**DATA RECORDS**
+-------+

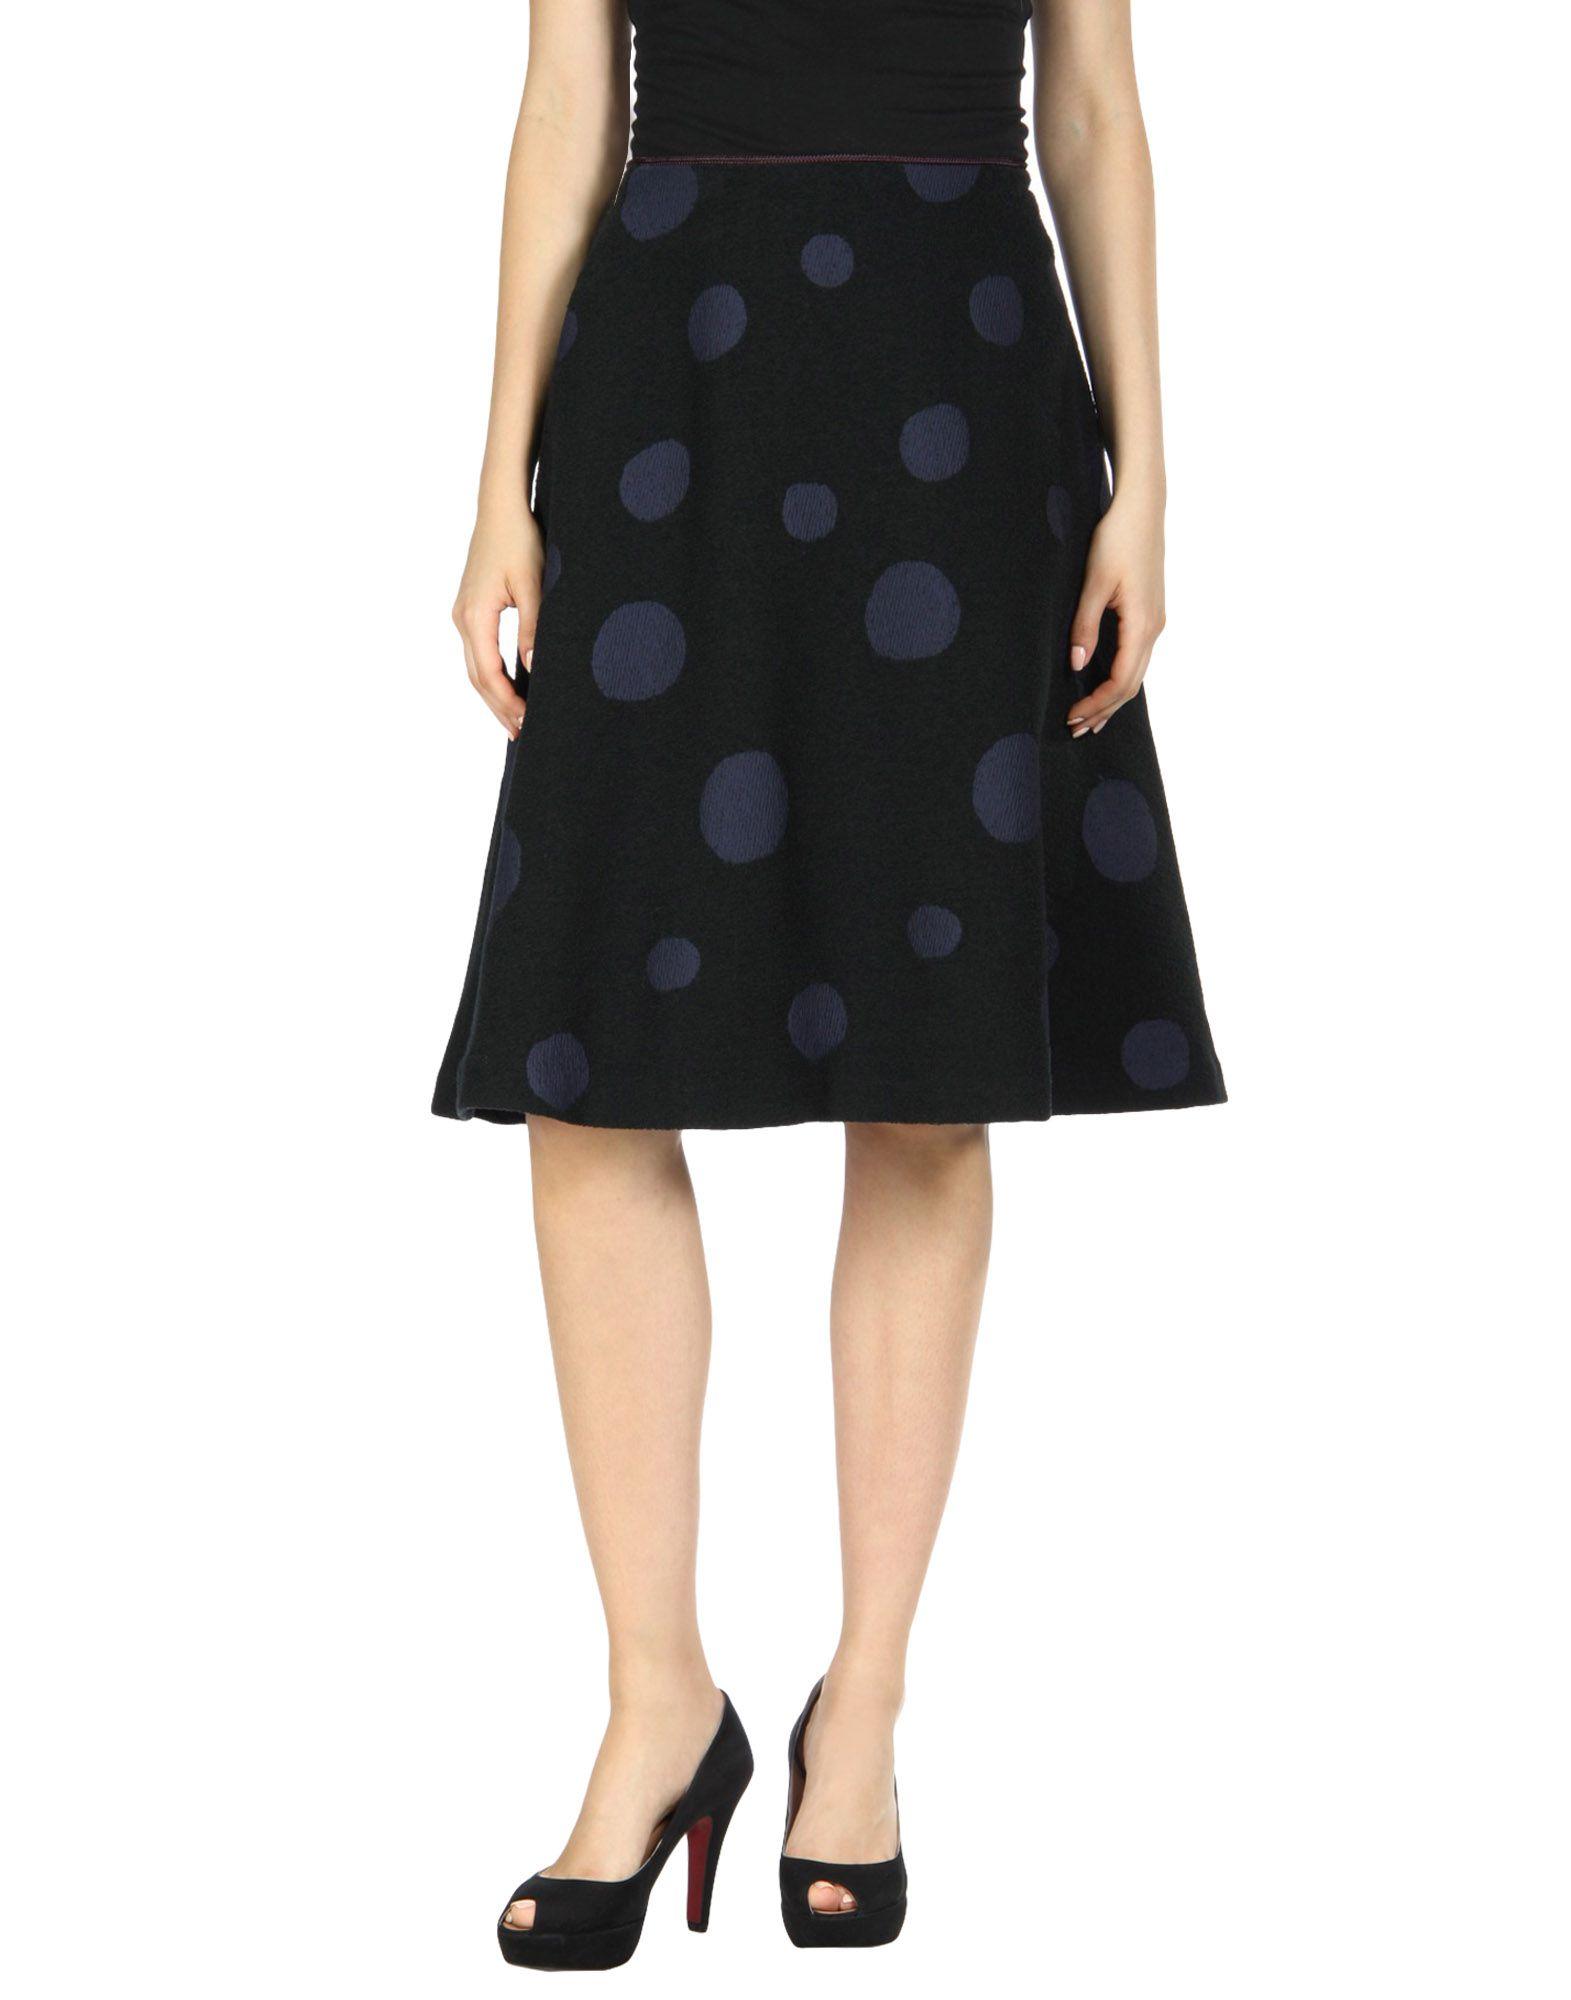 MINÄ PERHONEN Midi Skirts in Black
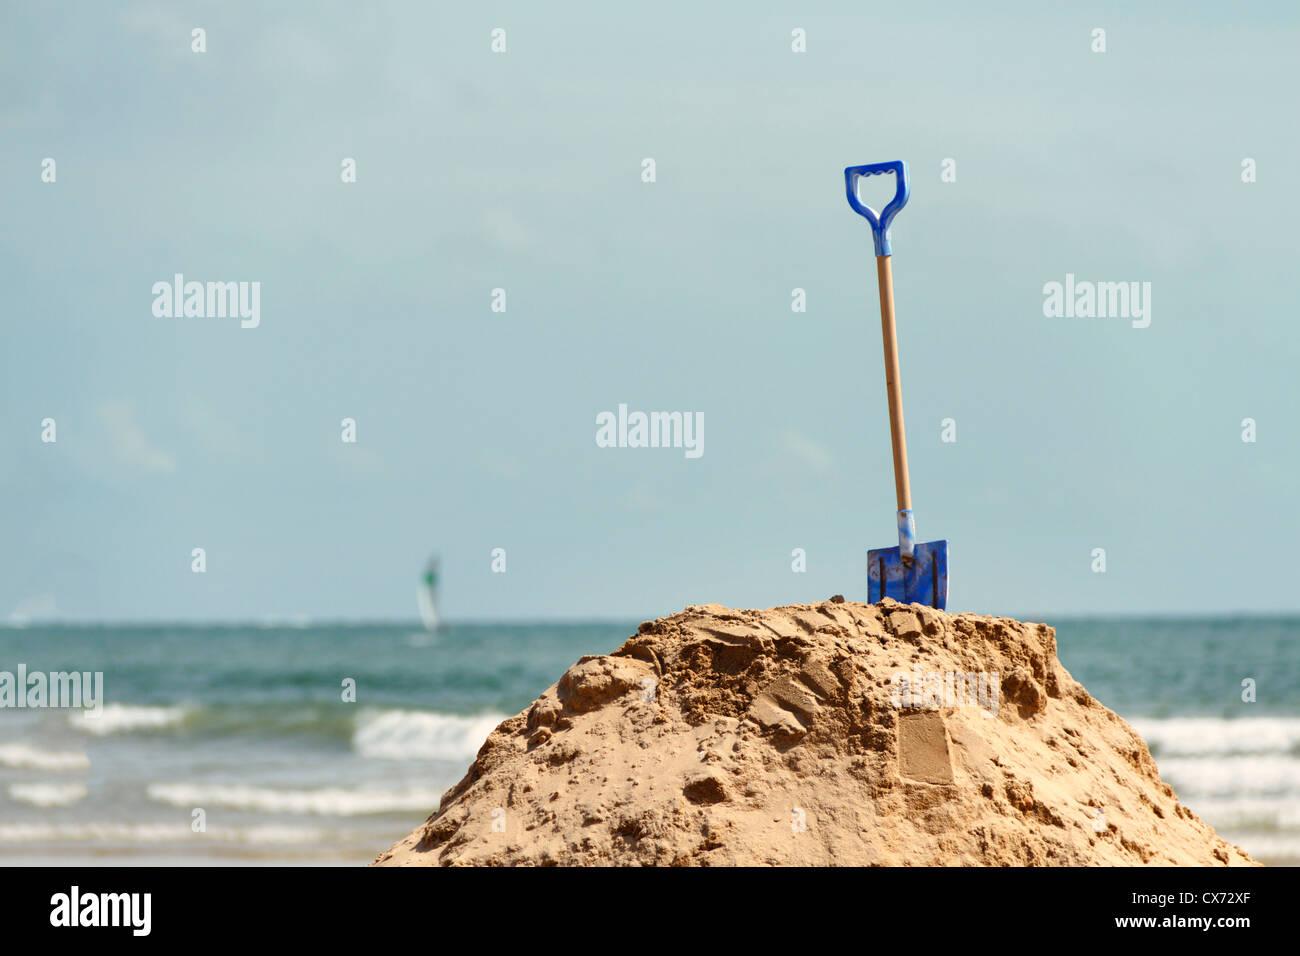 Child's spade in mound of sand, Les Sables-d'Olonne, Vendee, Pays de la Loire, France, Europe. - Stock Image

+-------+

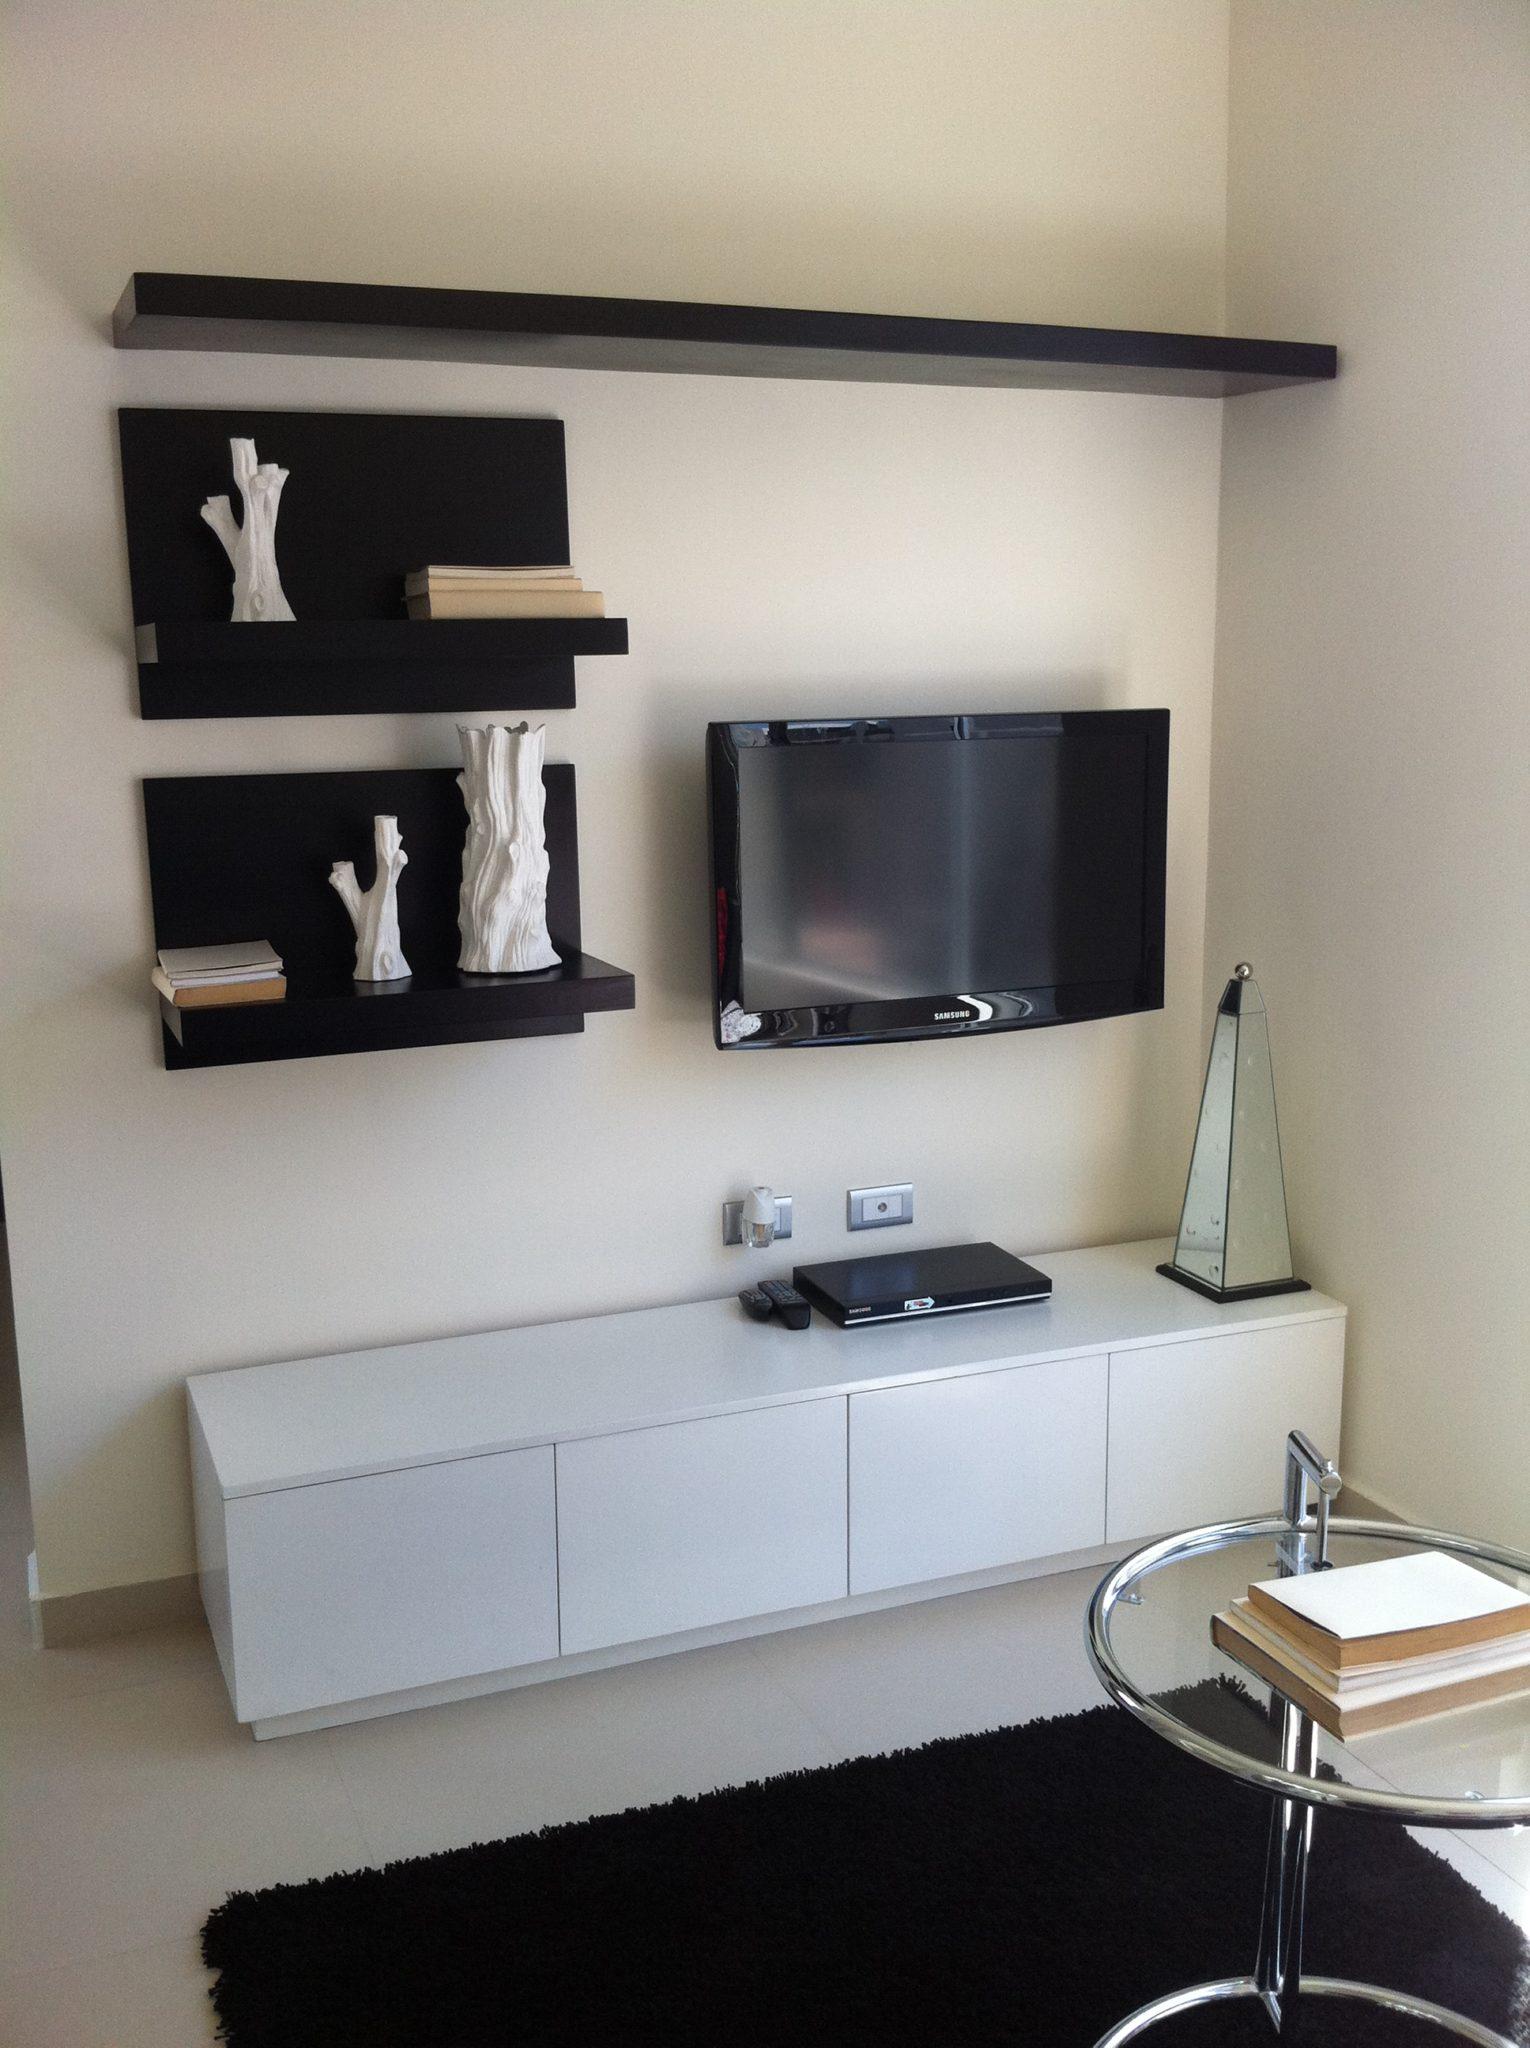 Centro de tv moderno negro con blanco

+-------+

**WHAT IS REQUIRED**
Pictures in the material above should be skipped; print exactly the lines from the one with "MINÄ PERHONEN Midi Skirts in Black" through the one with "Child's spade in".

**REPLY TO THE EXERCISE**
 MINÄ PERHONEN Midi Skirts in Black
 Child's spade in mound of sand, Les Sables-d'Olonne, Vendee, Pays de la Loire, France, Europe. - Stock Image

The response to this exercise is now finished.